In May 1861, Enos Christman helped organize Company K of the Fourth Regiment, Pennsylvania Reserve Volunteer Corps, and was elected second lieutenant. He would not come marching home for two years.
In that time, Enos fought in the battles in front of Richmond known as Seven Days, the Second Bull Run, South Mountain and Fredericksburg. He also survived the bloodiest day in U.S. military history - Antietam. He would learn much later that on that day he fought in the same vicinity as his two brothers, William and Jefferson, none of whom was injured. He was promoted to captain, and then to major, and then President Lincoln sent him home to West Chester in May 1863 to serve as provost marshal of the Seventh District until the end of the war.
It seemed that West Chester had a gravitational pull that Enos could not escape, although he kept trying.
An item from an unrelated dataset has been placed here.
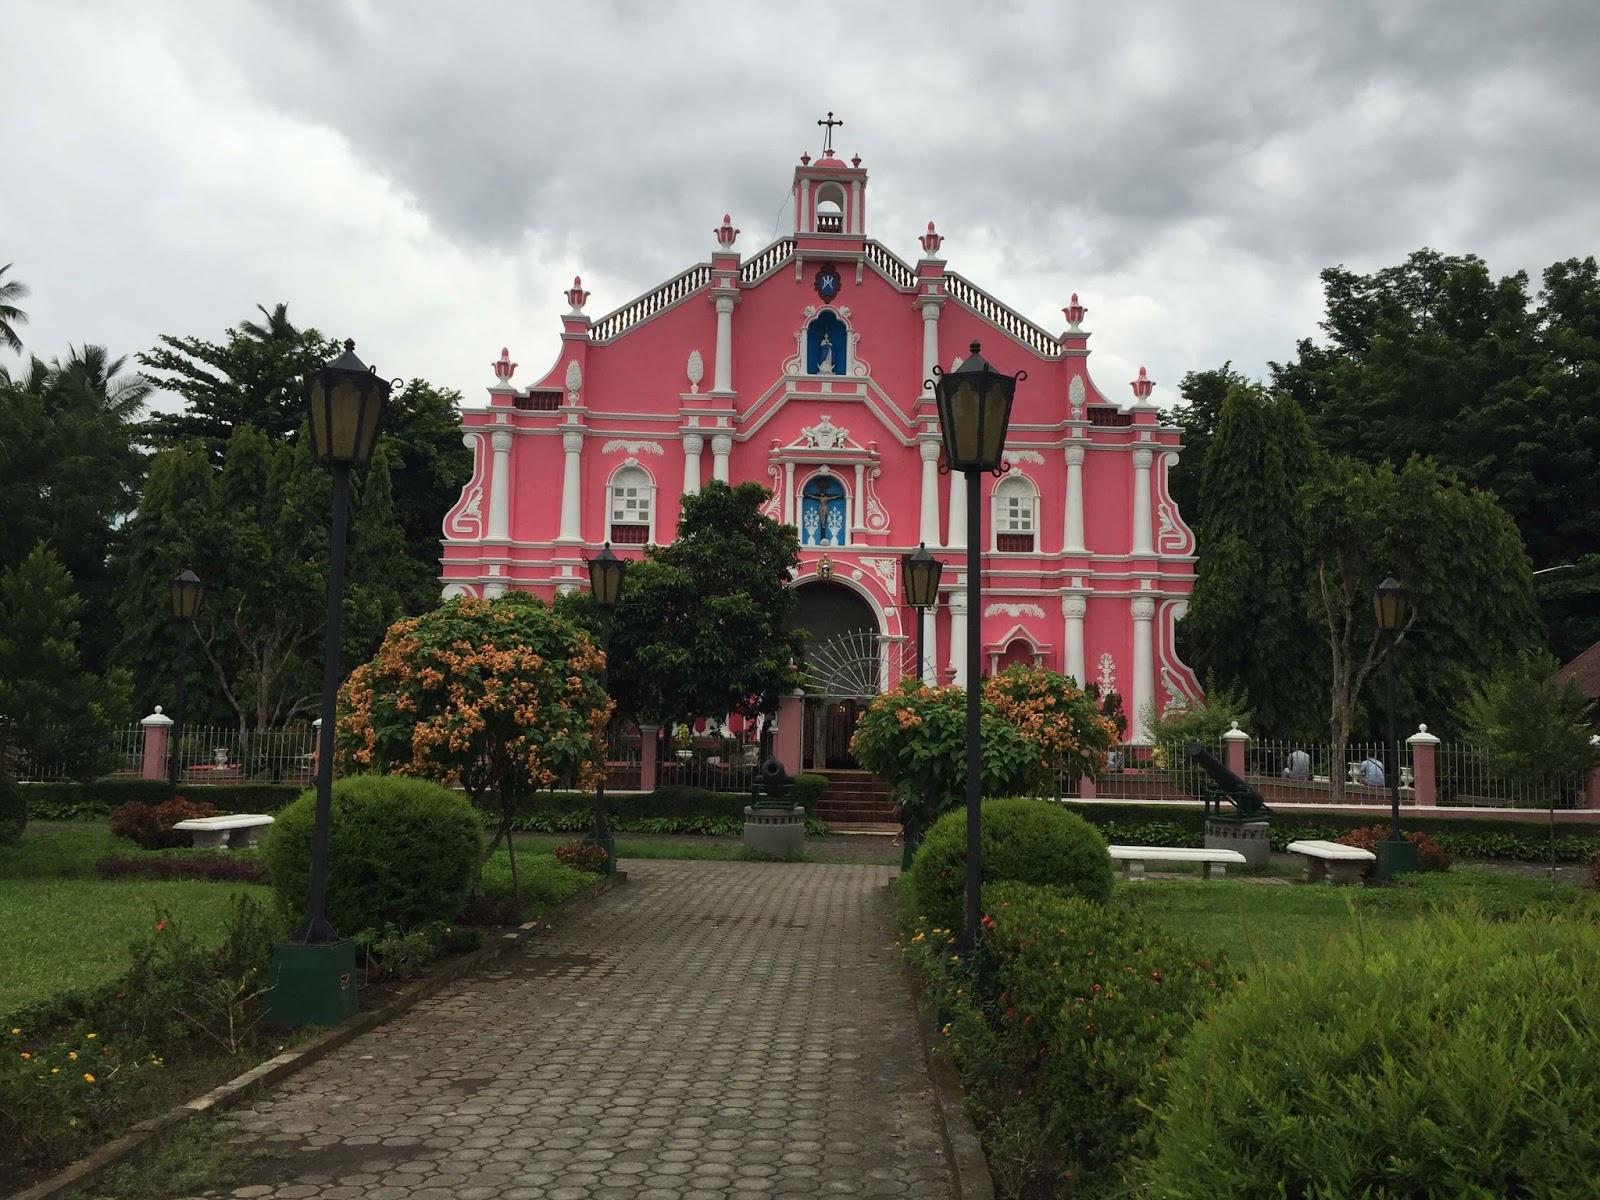 Elle 39 s tinker toes july 2016 Villa escudero quezon province

At war's end, Enos and Ellen took their six children to Somerset County, Md., to try their hand at farming. It was a hard life, made more difficult by drought.
William, Enos' oldest son, recalled in an article in The Reporter in 1908 that he attended school only occasionally, when he was not needed for work on the farm. He spent many an hour riding a horse while his father followed with the plow, working corn, and hauling and chopping cordwood.
Four years later, the Christmans gave up and surrendered to the pull of home, where Enos once again took up the printing trade at The American Republic. The children kept coming and by 1872 numbered eight. It seemed that they were destined to live out their lives in West Chester, until in November a letter arrived from Enos' old partner in Washington, Pa., William Moore. It was a letter that would have a profound effect on the Christman family and would alter the course of local history.